SATIRE 04.09.2014

400 oder „Das ist Mödling“!

© zVg.
Der Autor und KOSMO-Redakteur Uroš Miloradović schreibt „Geschichten aus dem kurzsichtigen Winkel“ – diesmal: Im Keller mit Michael S.

„Das war eine ausgezeichnete strategische Entscheidung, die Modeleisenbahn aus dem Keller zu entfernen. Ich bin ein wirklich kluger Stratege“, gratuliert sich Michael S. selbst. Auch zu dem übermenschlichen Opfer, das er brachte, als er sein Hobby ablegte und seine gute alte Tschu-Tschu-Lok rauswarf, die wie eine große Lokomotive pfeifen und echten Dampf ablassen konnte.

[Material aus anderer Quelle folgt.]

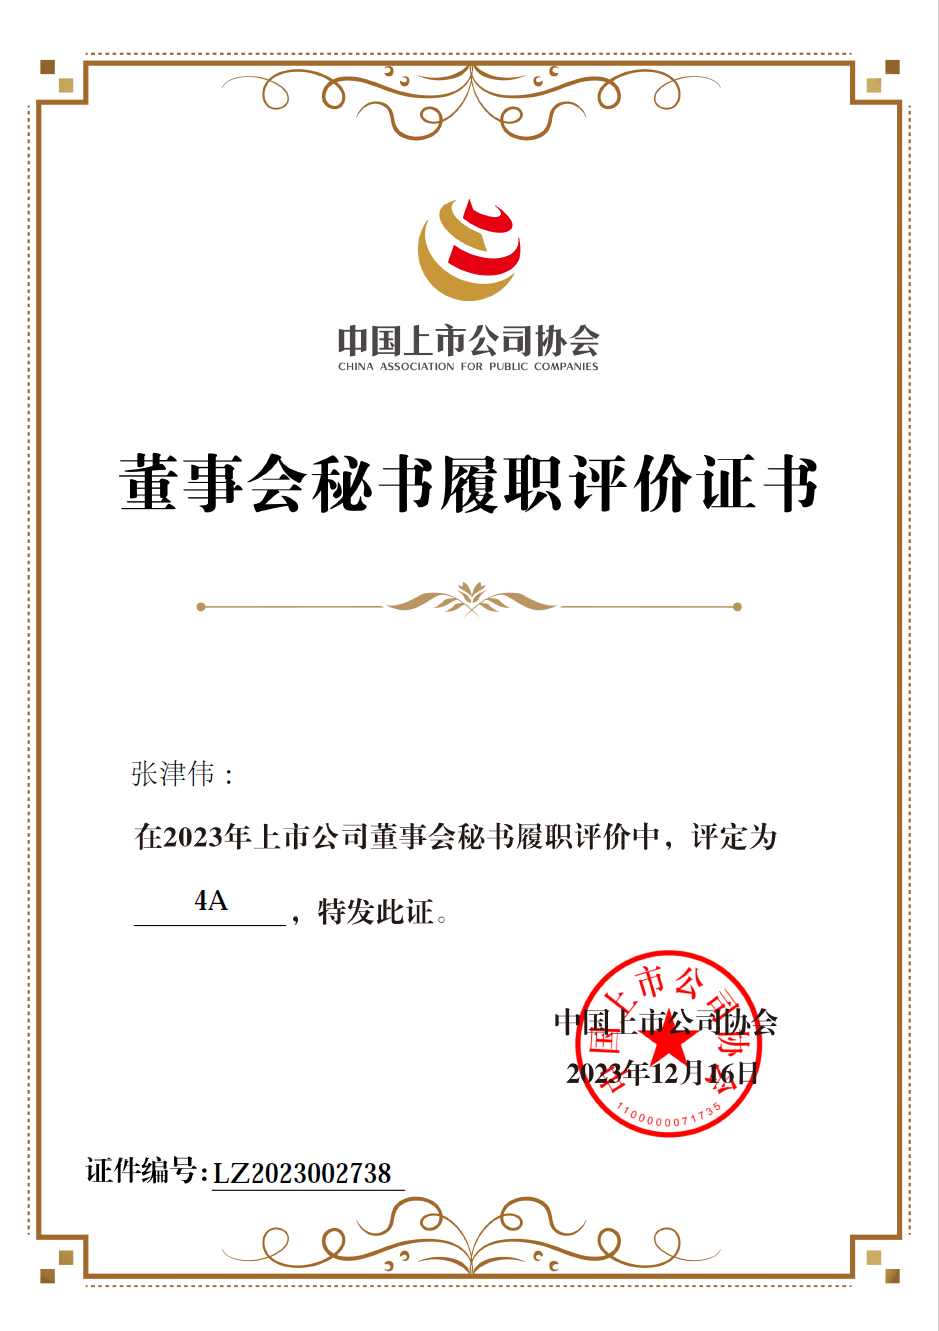 中國上市公司協會2023年“上市公司董秘履職評價”4A獎項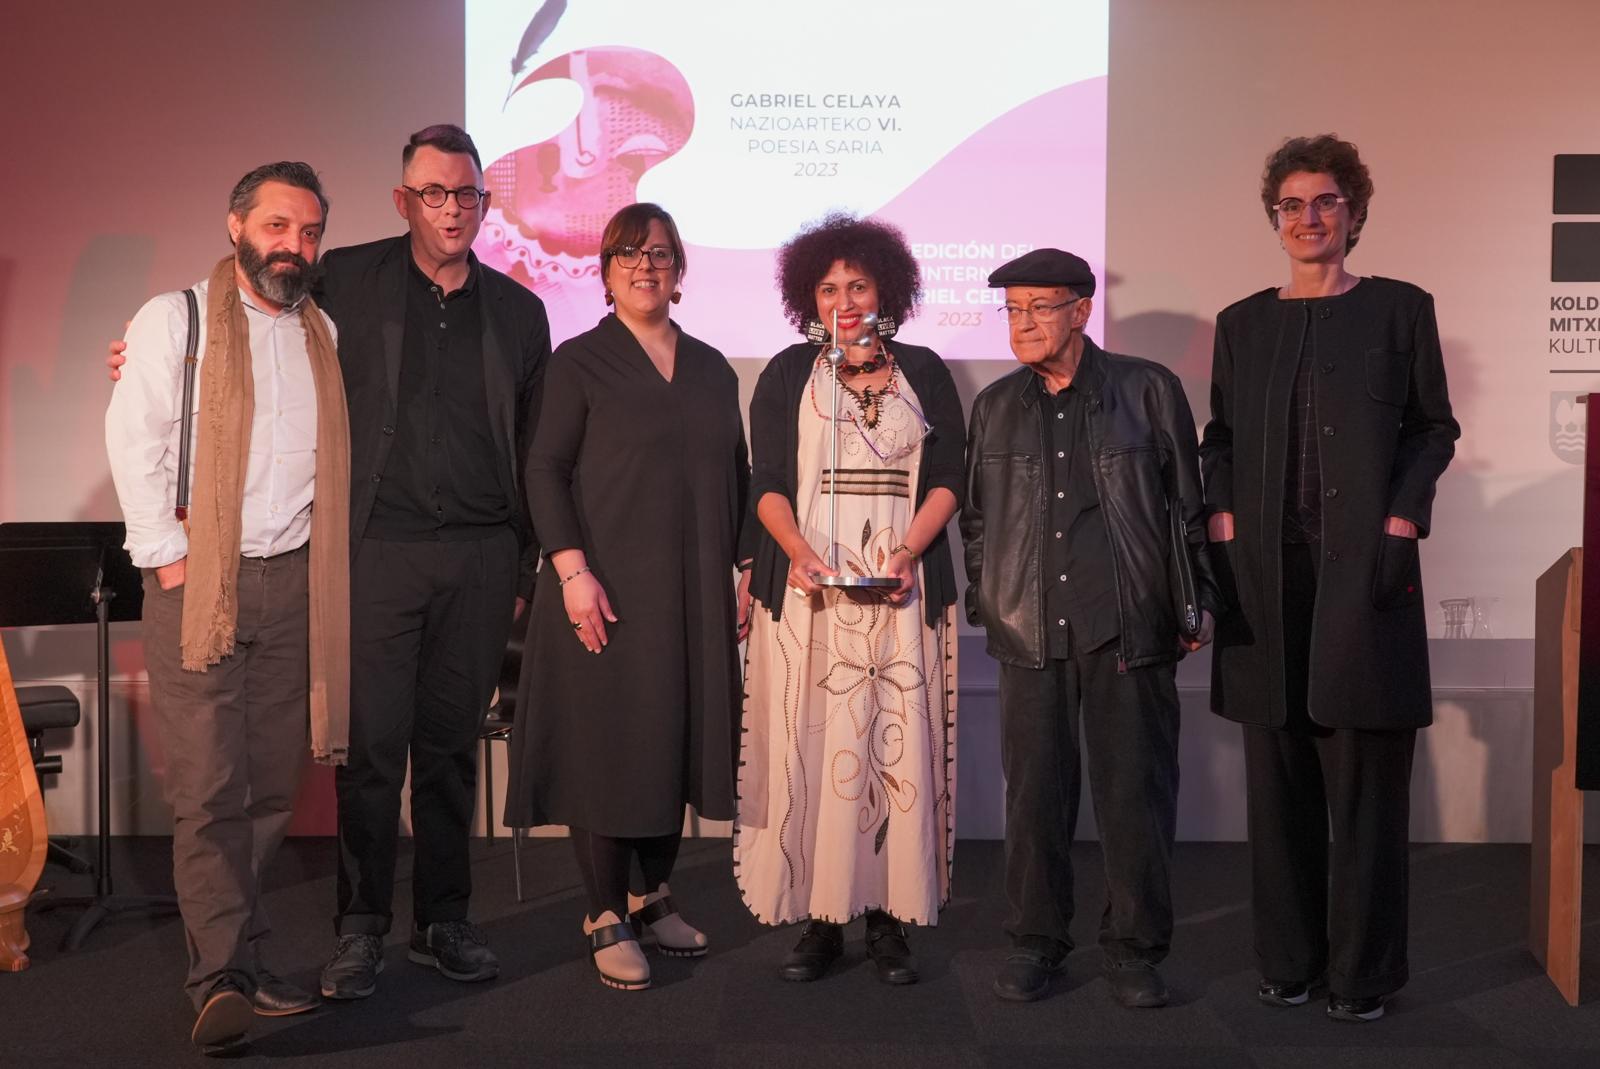 La escritora colombiana Luisa Villa recibe el VI Premio Gabriel Celaya

Dran glauben musste nach der Lok auch die ganze Miniinfrastruktur: die winzigen Schienen und Weichen, die mit kleinen blinkenden Lichter versehenen Rampen, die sich auf und ab bewegen, die winzigen Hügel, und lieblichen Wäldchen, die sauber geordneten Bahnhöfe, bevölkert von kleinen Menschlein, jede Figur mit ihrem eigenem kleinen Gesicht, ihrer eignen kleinen Rolle und Geschichte…  Jetzt ist das alles weg. In Schachteln verpackt und abtransportiert.
 
Ihre ganz eigene Rolle hatten auch Michaels ehemalige politische Mitstreiter. Wie sich herausstellen sollte, war diese Rolle eine verräterische, verlogene und unehrenhafte. Aber das ist jetzt egal. Jetzt hat er… sie. Sein getreues Heer. Sie werden ihn nicht verraten.

Er fühlt sich ein bisschen wie König Leonidas aus dem Film „300“. Obwohl er mehr zusammenbekommen hat. Sein eigener Film würde eher den Titel „400“ tragen.  Und anstatt „This is Sparta!“, würde Michael, mit nacktem Oberkörper, prallen, glänzenden Muskel und erhobenem Schwert in die Gesichter seiner Feinde brüllen: „Das ist Mööödling!“.
„Sie sind klein, aber furchtlos“, tröstet sich Michael. „Und immerhin – wenn ich jemandem mit einem von ihnen eins überziehe, hat er nichts mehr zu lachen“, denkt er mit versonnenem Blick, während er das Gewicht eines der Gartenzwerge in seiner Hand abschätzt.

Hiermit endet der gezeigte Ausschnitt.